OSHA opened an investigation at Home Rubber’s facility in response to a May 6, 2016 accident that seriously injured an employee. As a result, OSHA cited Home Rubber for thirty violations with a total proposed penalty of $180,592. Of the cited violations, two were classified as willful, twenty-three as serious, and five as other-than-serious.

Home Rubber was cited for violations of the noise exposure, housekeeping, chemical storage, fire extinguisher, lockout-tagout, machine guarding, powered industrial truck, electrical, bloodborne pathogen, accident reporting, training, recordkeeping and hazard communications standards. In particular, the Secretary alleges that Home Rubber exposed its mill operators to amputation and other injuries, because the ingoing nip points on its rubber mills were not guarded, and willfully ignored requirements to protect its mill operators from hearing loss.

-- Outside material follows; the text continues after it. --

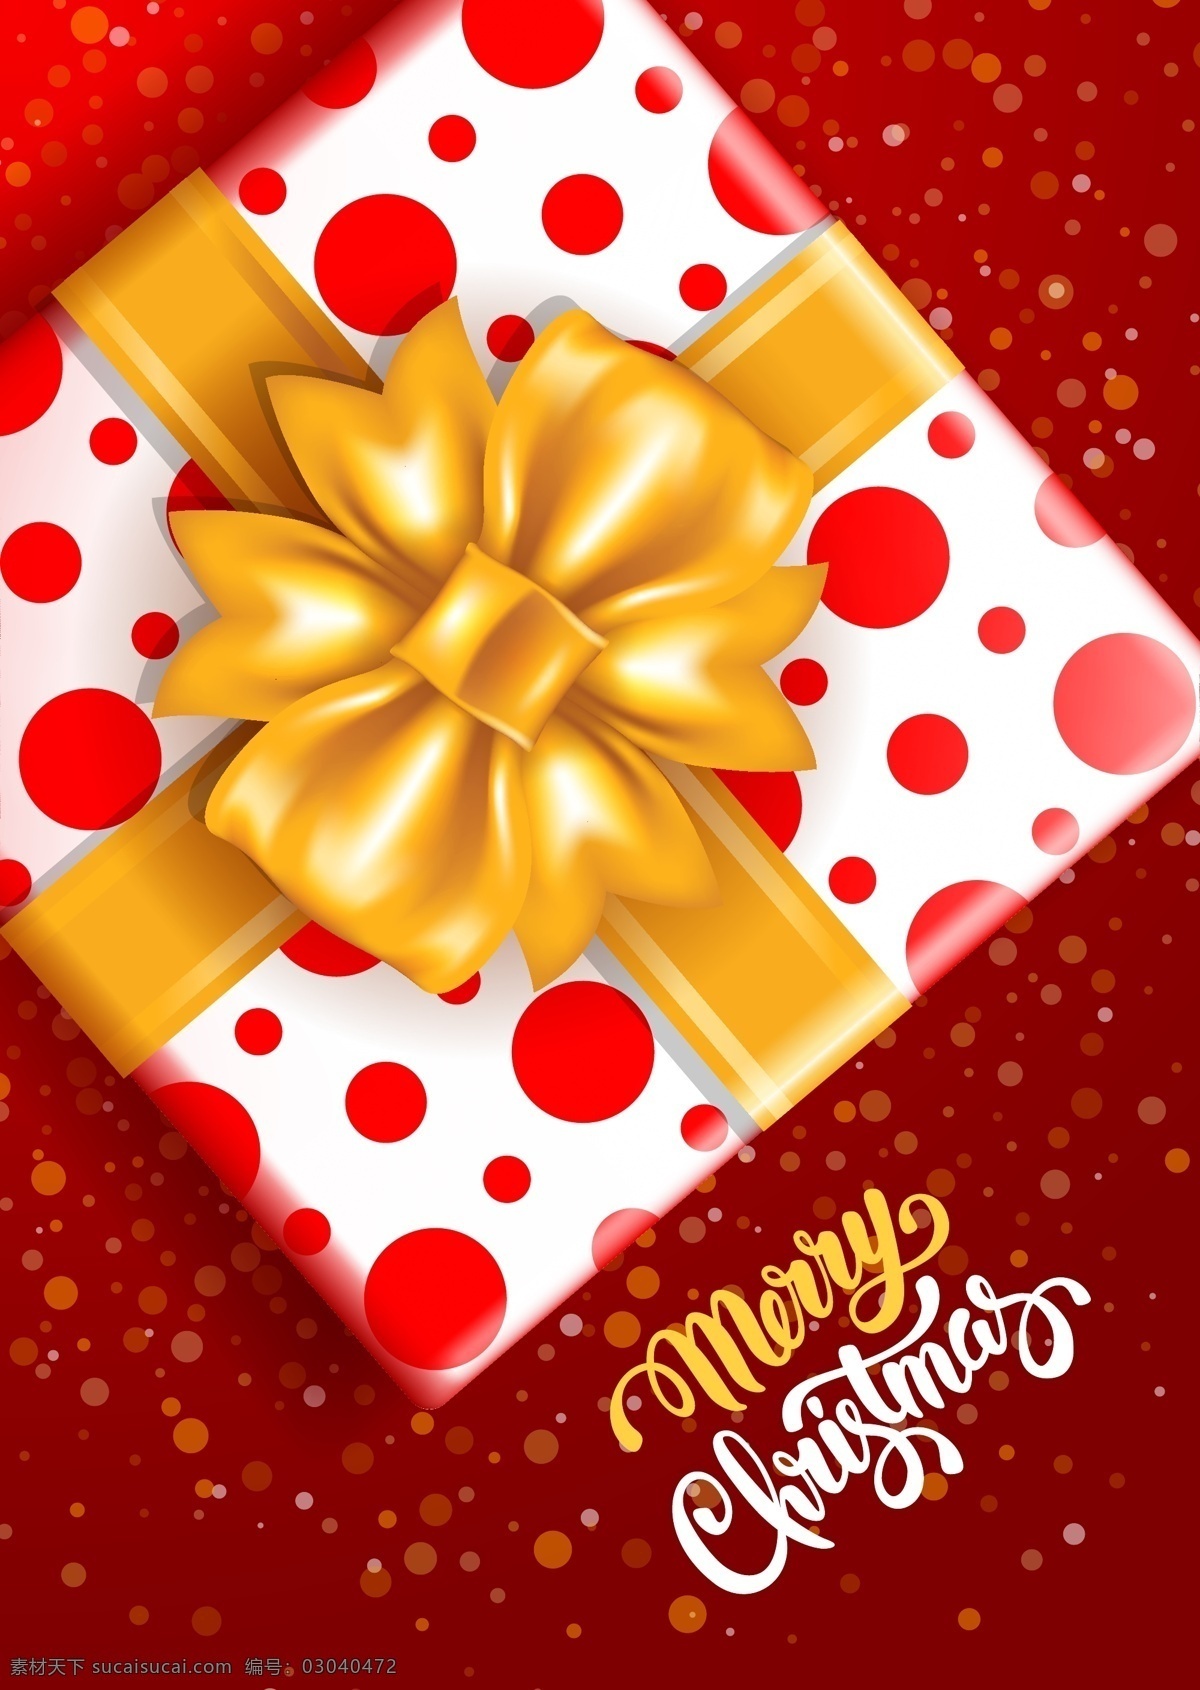 圣诞 礼物 盒 矢量 矢量素材 矢量图 设计素材 创意设计 节日素材 圣诞节 高清图片
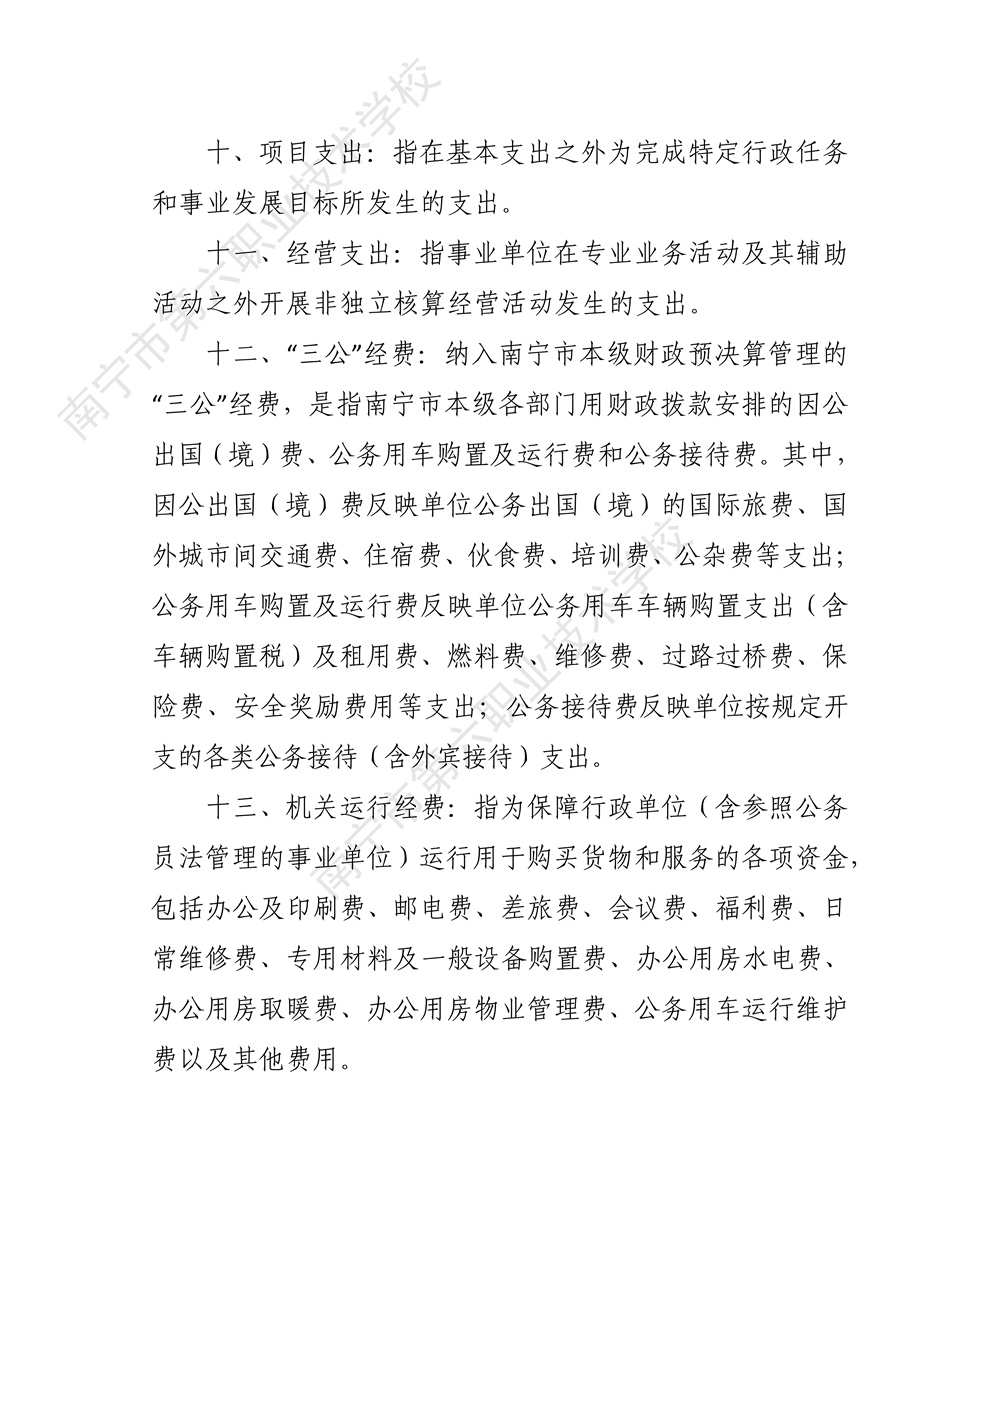 南宁市第六职业技术学校2022年度部门决算公开（终版）_38.jpg

A two-day hearing was held in Trenton, New Jersey on April 9-10, 2018. Five witnesses provided testimony: OSHA Compliance Officer (CO) Marie Lord, Steven Anderson (analytical chemist for OSHA), Richard Balka (owner and president of Home Rubber), James Bole (plant manager for Home Rubber), and William Howard (Secretary’s expert). Both parties filed post-hearing briefs, including reply briefs.

  Respondent asserted three primary arguments. First, Respondent argues that guarding the ingoing nip points on its mills was infeasible and the Secretary did not prove guarding was feasible. (R. Br. 23-28). As discussed below, the burden for the affirmative defense of infeasibility rests with Respondent.

Secondly, Respondent argues the lack of attention to safety training and oversight was due to turnover and vacancies in the safety and compliance manager’s position since 2006. (R. Br. 1). As discussed below, the argument is rejected.

Finally, Respondent asserts the willful and serious citations should be reclassified to other-than-serious if they are affirmed. The classification for each citation item is discussed below.

Key Issues

The key issues to resolve are:

1.  Did Home Rubber willfully violate the requirements to provide audiometric testing for its employees operating Mill Three?

2. Was it infeasible to guard the ingoing nip points on the Chrome Mill, Kobe Mill, Mill Three, and Mill One?

3. Are the willful and serious violations properly classified?

4. Did the Secretary prove his prima facie case for all thirty alleged violations?

For the reasons discussed below, the citation items are affirmed and a total penalty of $180,592 is assessed.


Based upon the record, I find that at all relevant times Respondent was engaged in a business affecting commerce and was an employer within the meaning of sections 3(3) and 3(5) of the Act. I also find that the Commission has jurisdiction over the parties and subject matter in this case. (Tr. 9-11).


The accident

  Home Rubber is a small specialty rubber manufacturer with 36 employees that has been in business since 1881. (Tr. 342, 344). Home Rubber manufactures specialty rubber products, including hoses, belts, tubes, gaskets, lathe-cut, and sheet rubber to its customers specifications. (Tr. 341-42).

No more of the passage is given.